Take the lines from the one containing "Audio Technica ATH-AD700X" through the final line below and restate them exactly. Omit the pictures.

PROVIDED MATERIAL:
◆ ◆ ◆ ◆ ◆ ◆ ◆

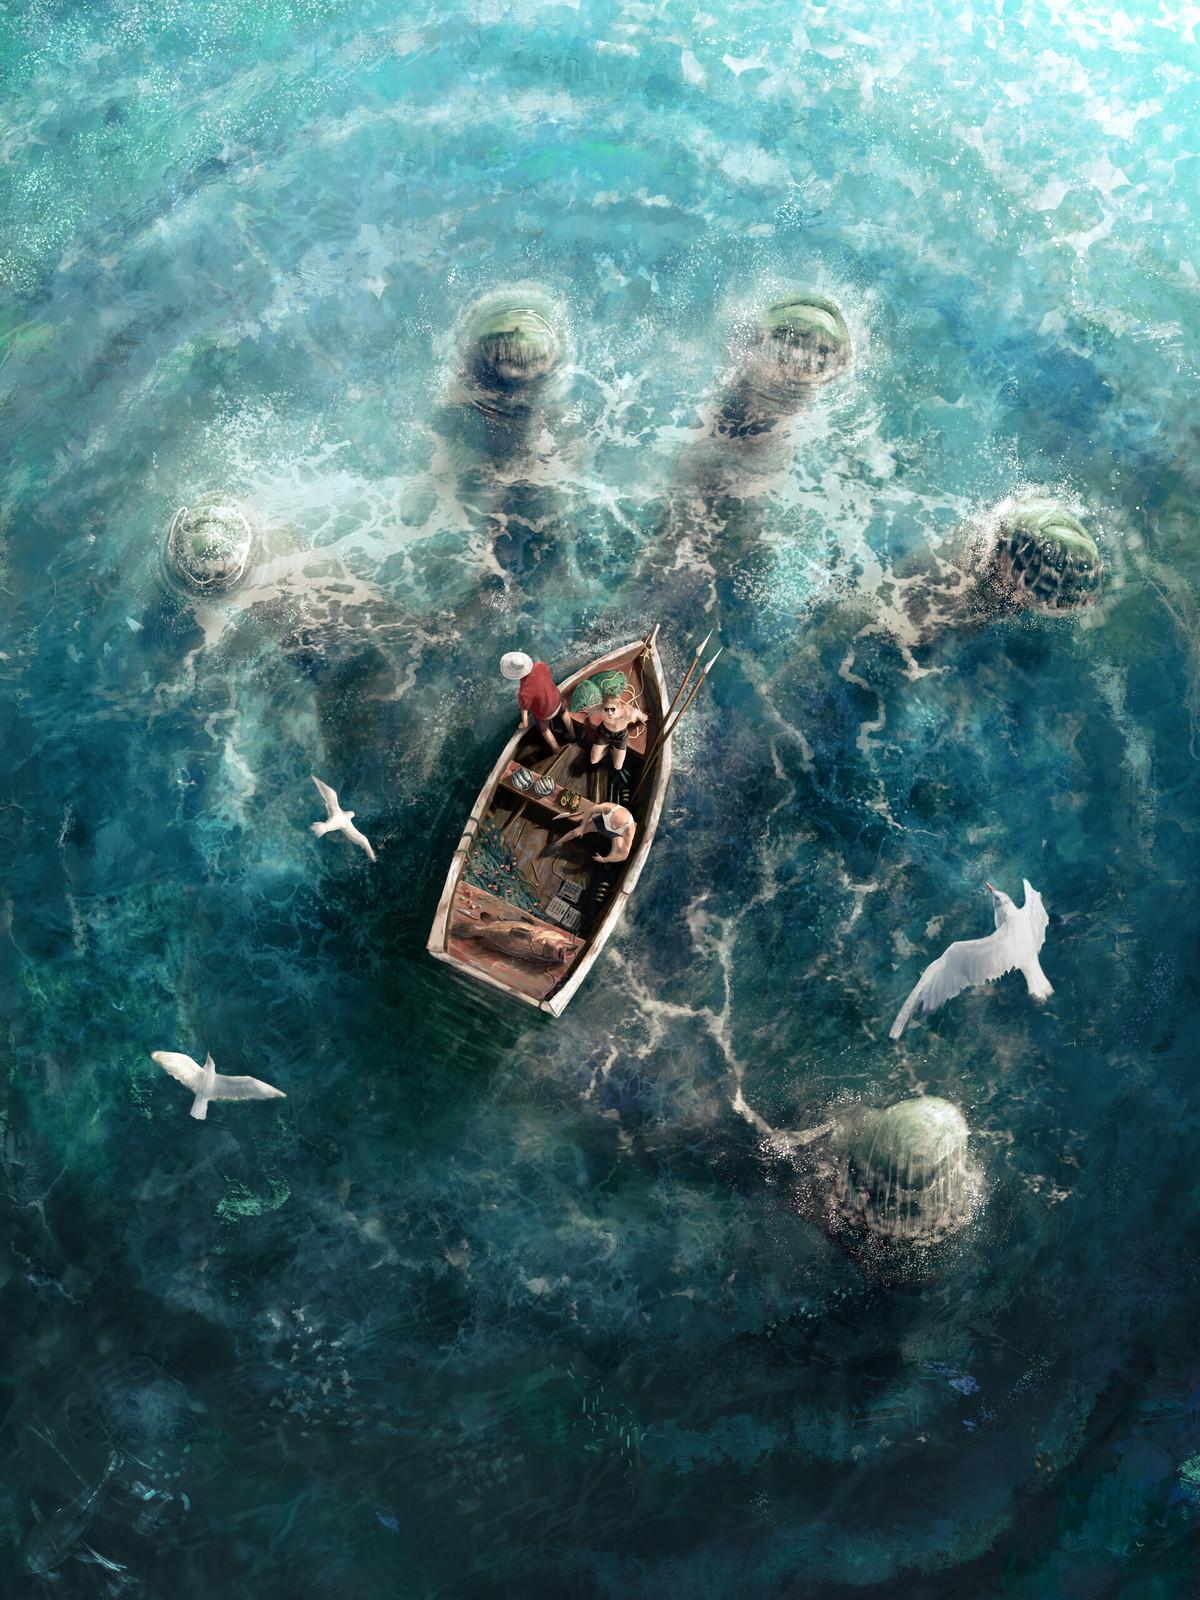 Rise of Cthulhu by Randi Sánchez Verduga. .. That hits my nope buttom
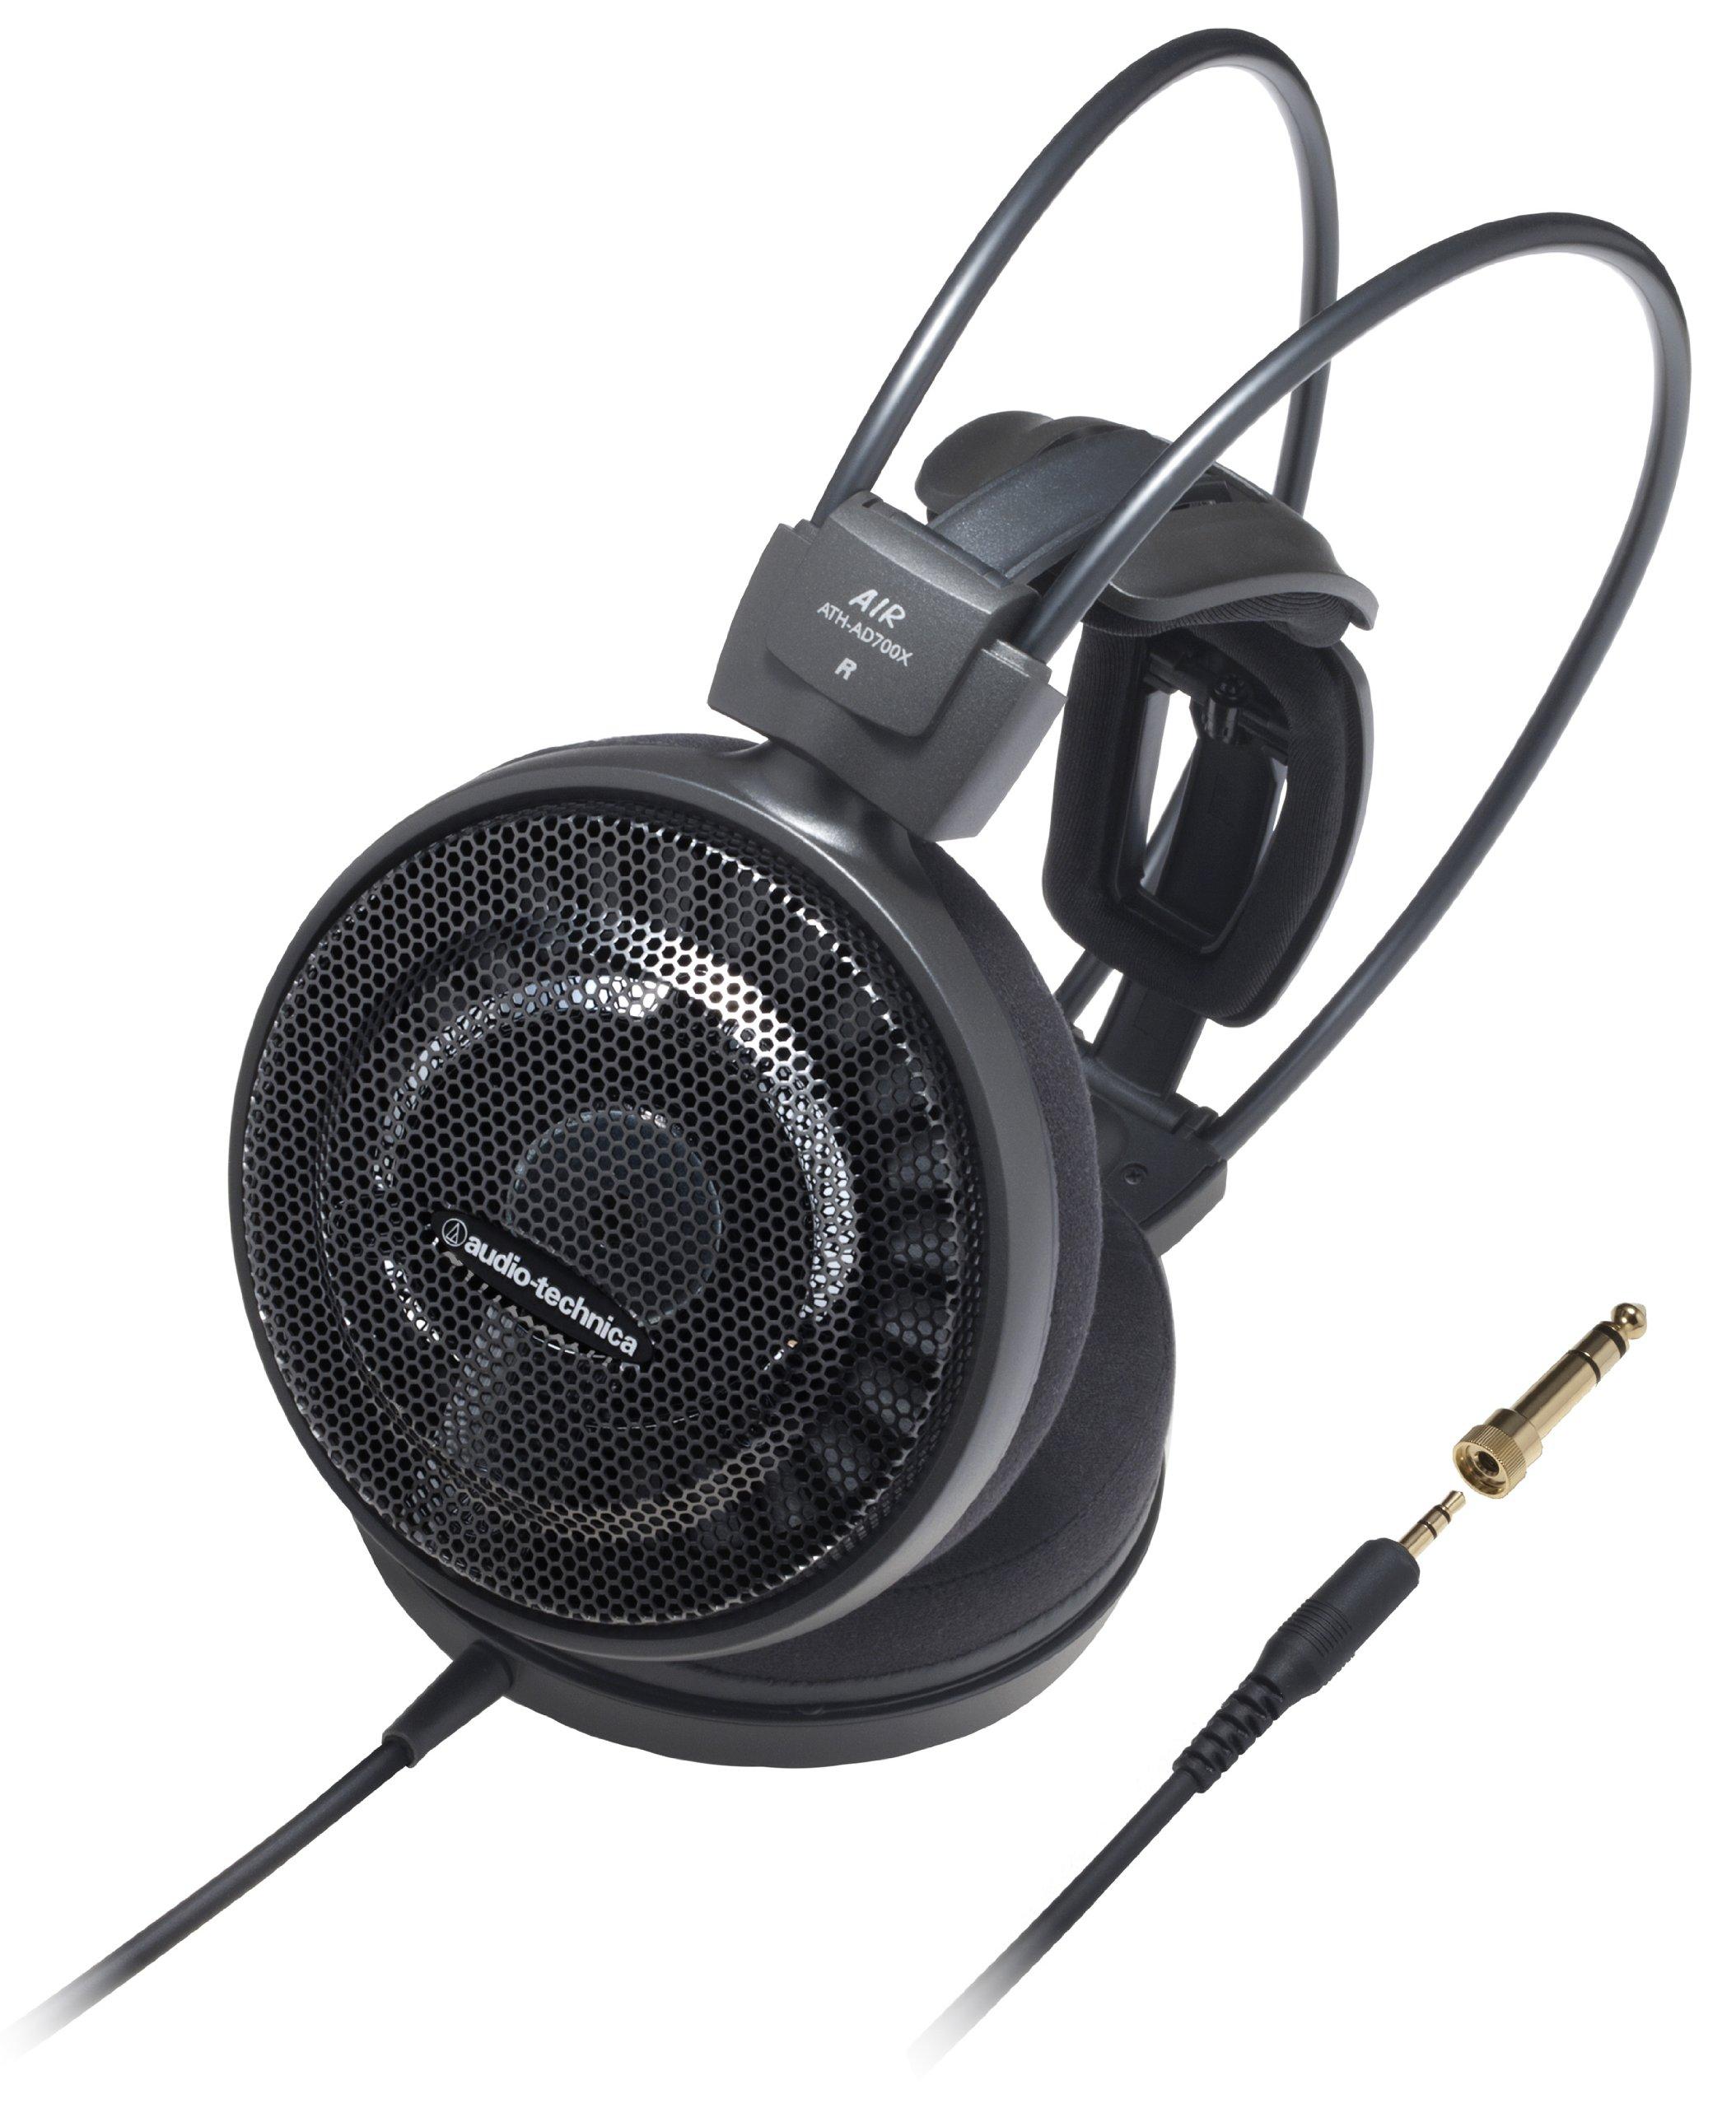 Audio Technica ATH-AD700X On-Ear Ausinės (6,3mm Klinkenstecker) schwarz
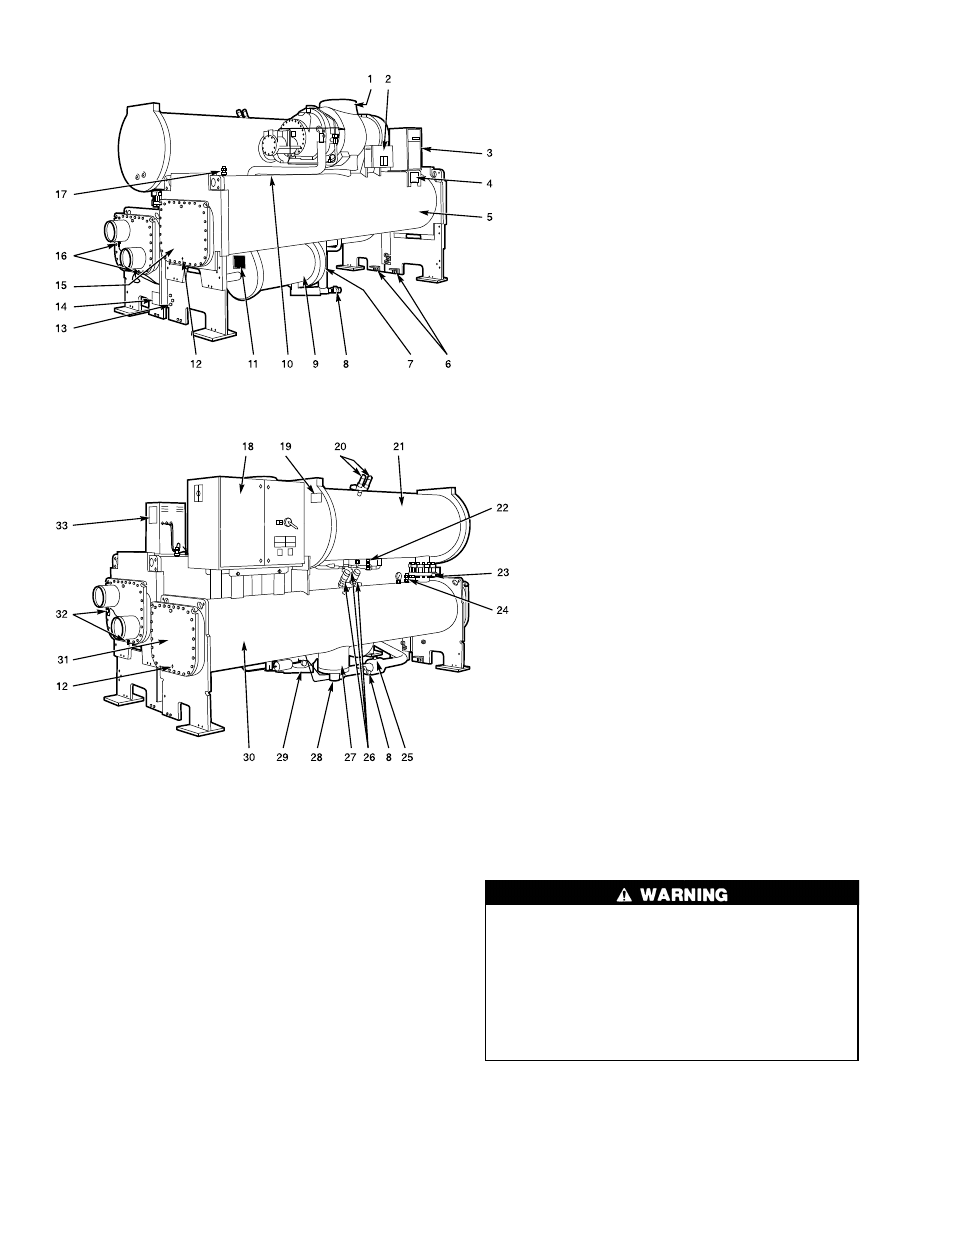 2002 hyundai sonata fuse panel

◆ ◆ ◆ ◆ ◆ ◆ ◆

THE ANSWER:
 Audio Technica ATH-AD700X On-Ear Ausinės (6,3mm Klinkenstecker) schwarz
 2002 hyundai sonata fuse panel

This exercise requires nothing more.